▸ **Instructions for the task**
Return all of the data verbatim, dropping any picture.

▸ **Information shown**
########################################
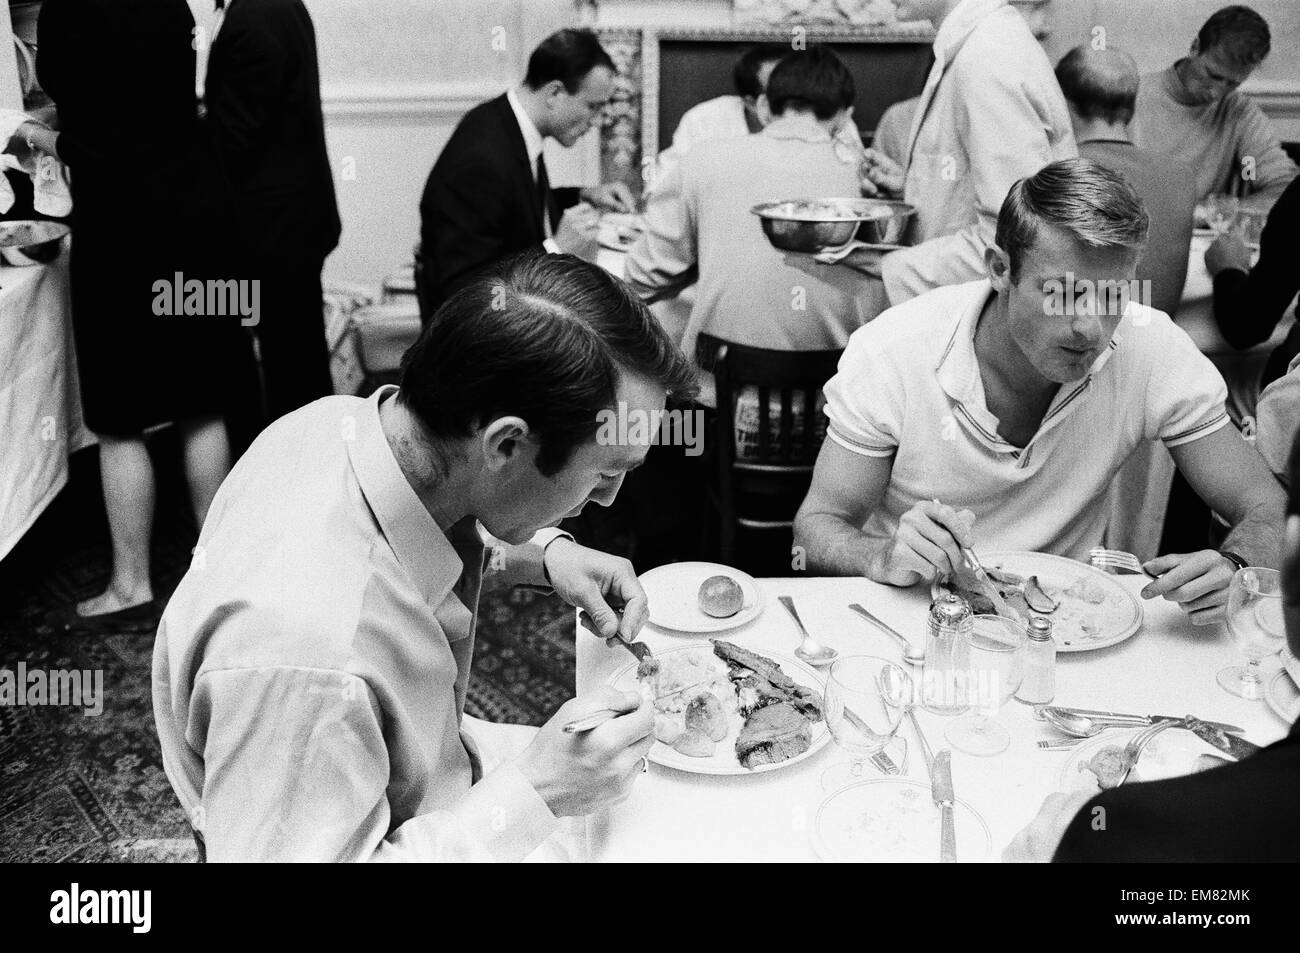 Members of the England football team Jimmy Greaves (left) and Roger Hunt eating their breakfast at the team hotel in Hendon during the 1966 World Cup tournament. 10th July 1966. Stock Photo
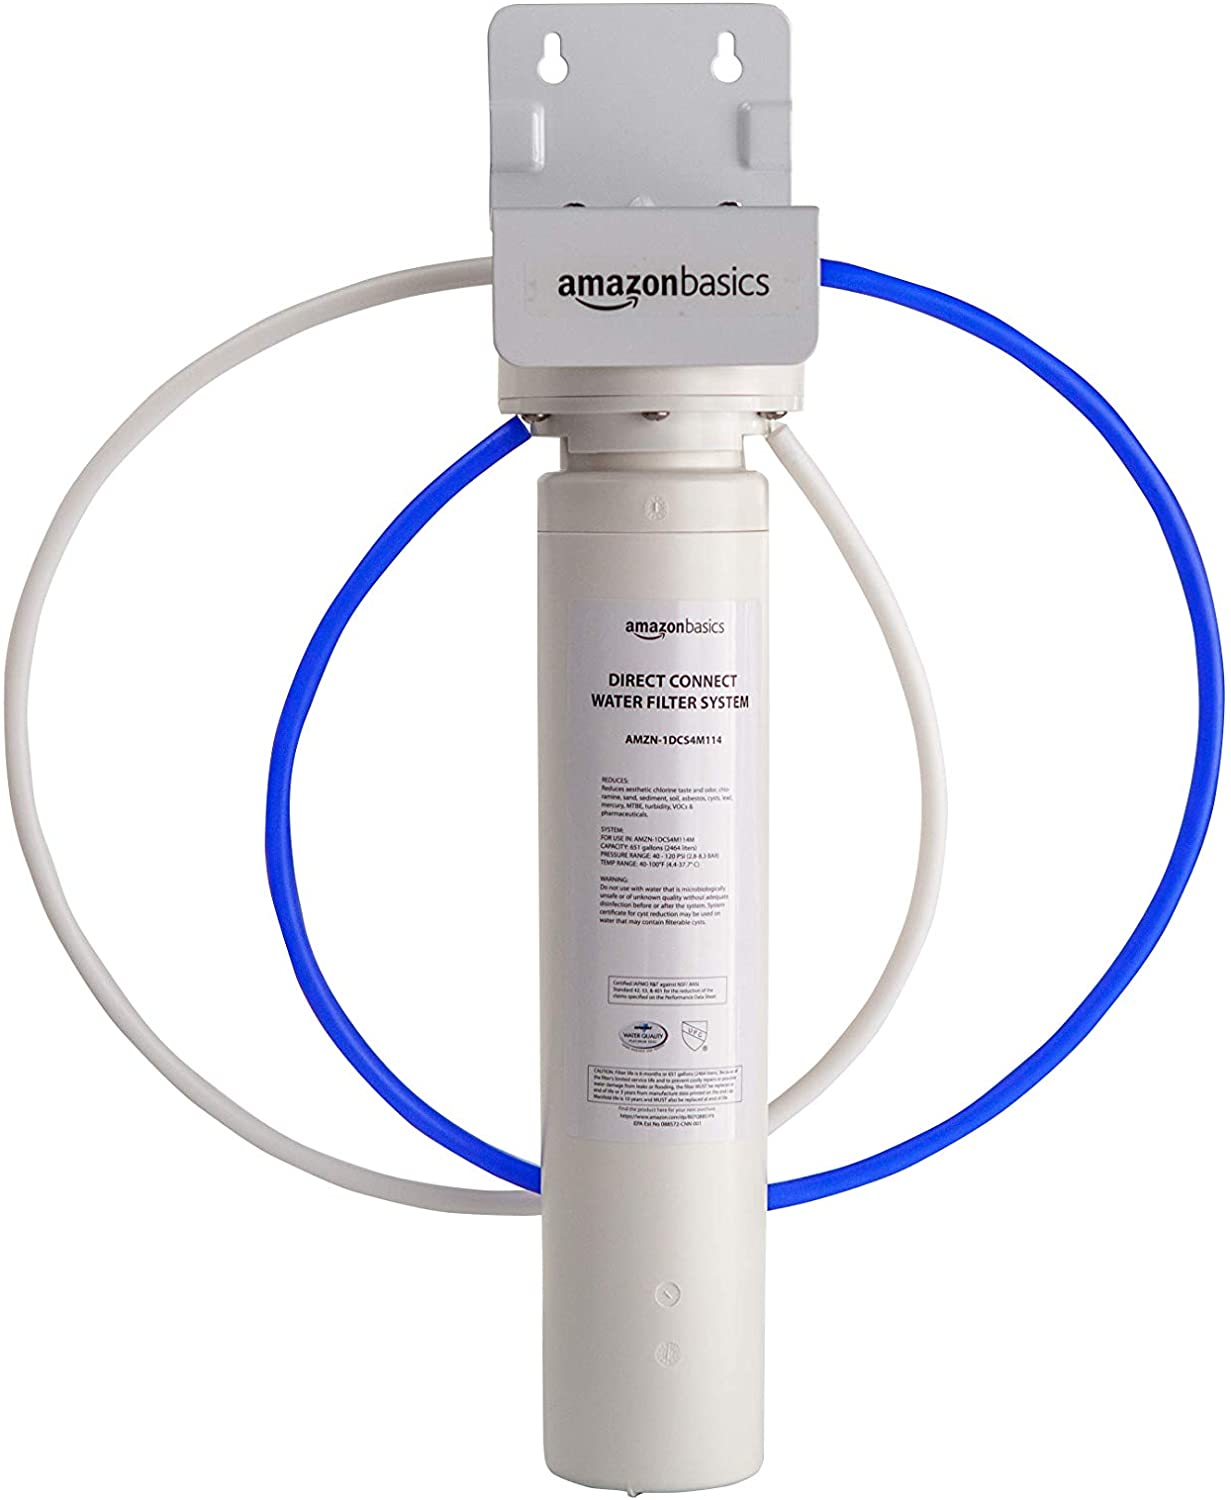 AmazonBasics AMZN-PB-1DCS4M114M Direct Connect Full Flow High Capacity System Under Counter Water Filter, White
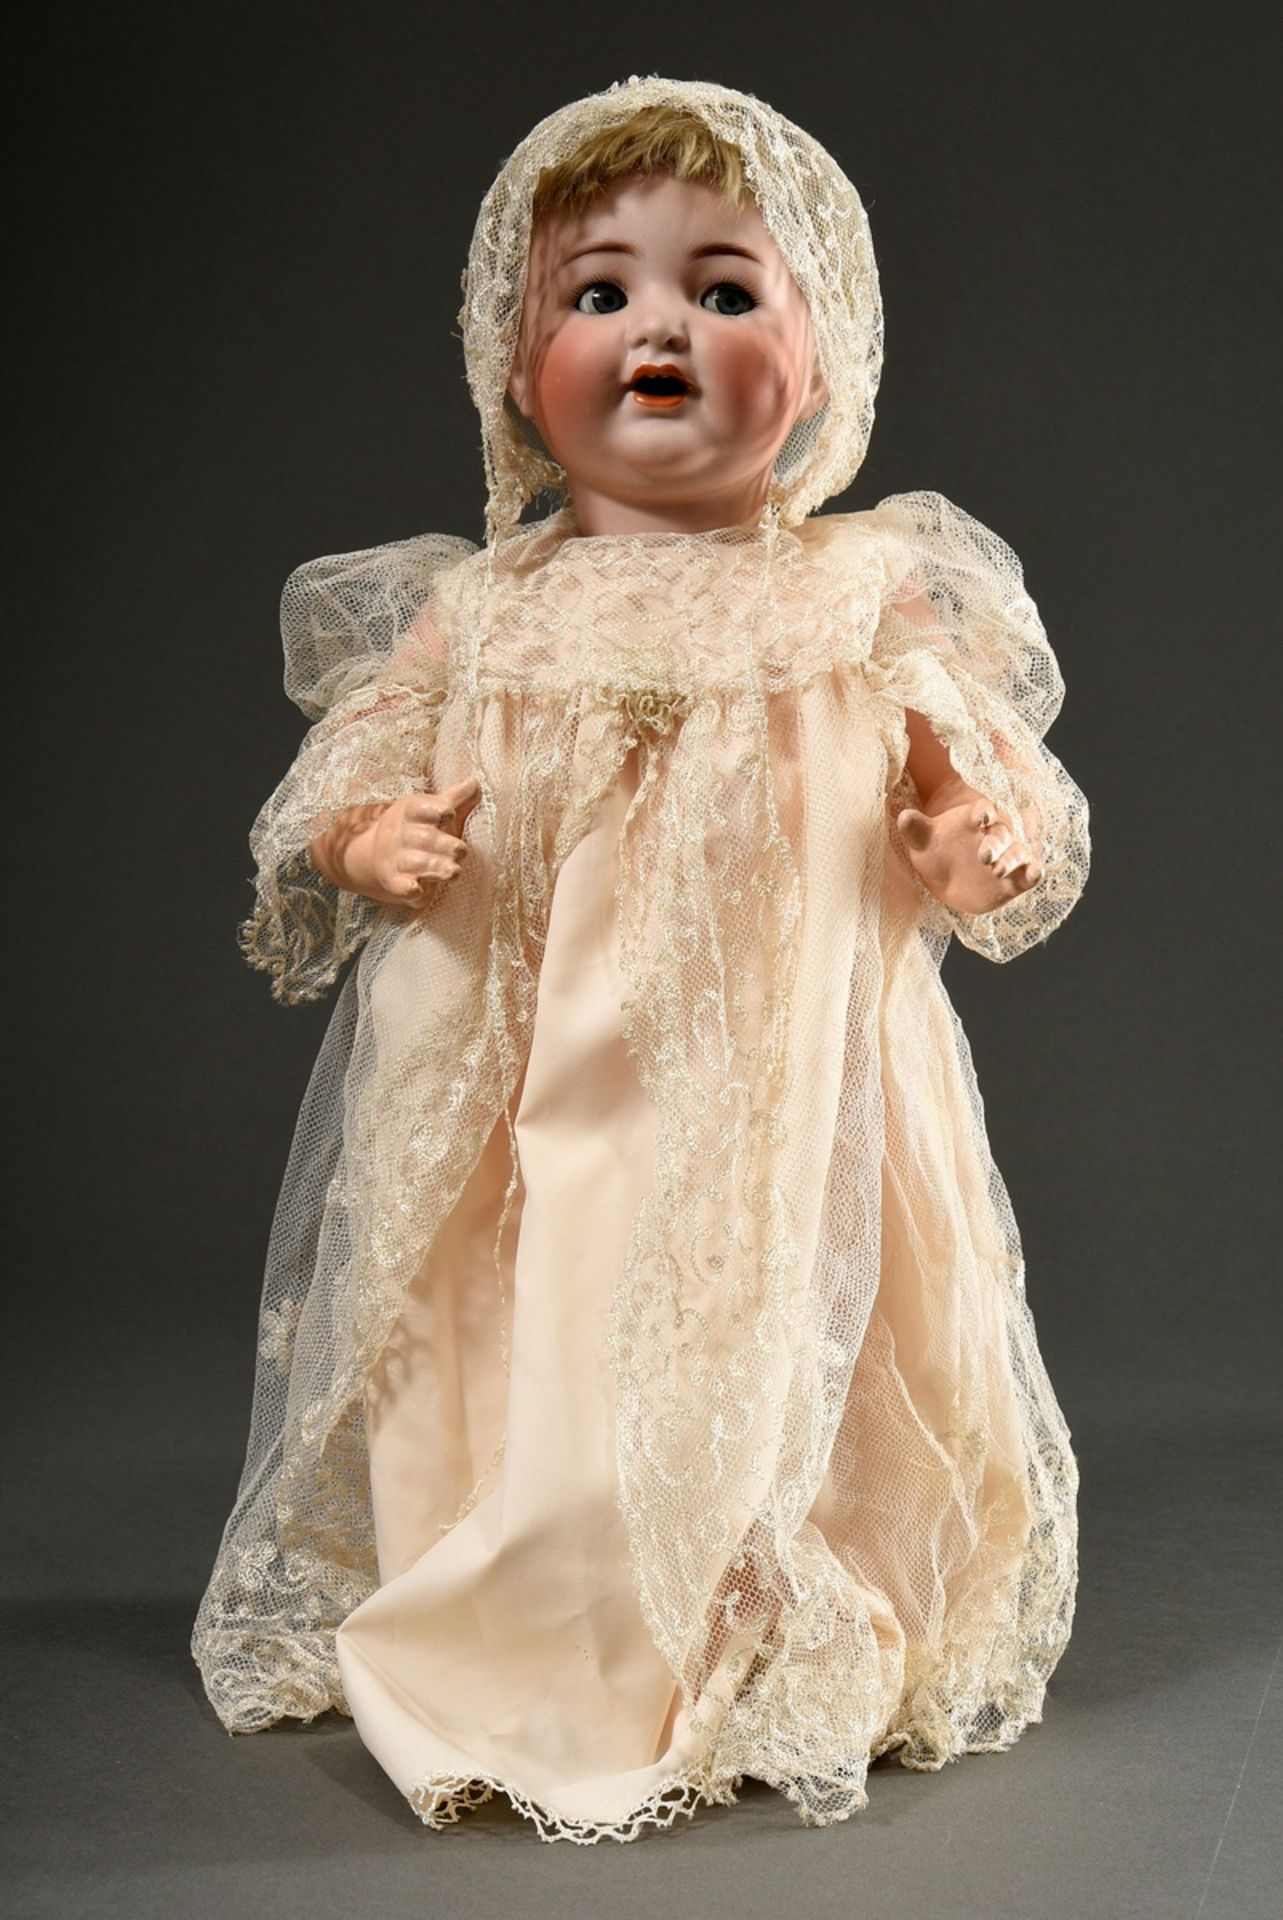 Kämmerer & Reinhardt doll with bisque porcelain crank head, blue sleeping eyes, open mouth with two
########################################
▸ **Your response**
 Members of the England football team Jimmy Greaves (left) and Roger Hunt eating their breakfast at the team hotel in Hendon during the 1966 World Cup tournament. 10th July 1966. Stock Photo
 AmazonBasics AMZN-PB-1DCS4M114M Direct Connect Full Flow High Capacity System Under Counter Water Filter, White
 Kämmerer & Reinhardt doll with bisque porcelain crank head, blue sleeping eyes, open mouth with two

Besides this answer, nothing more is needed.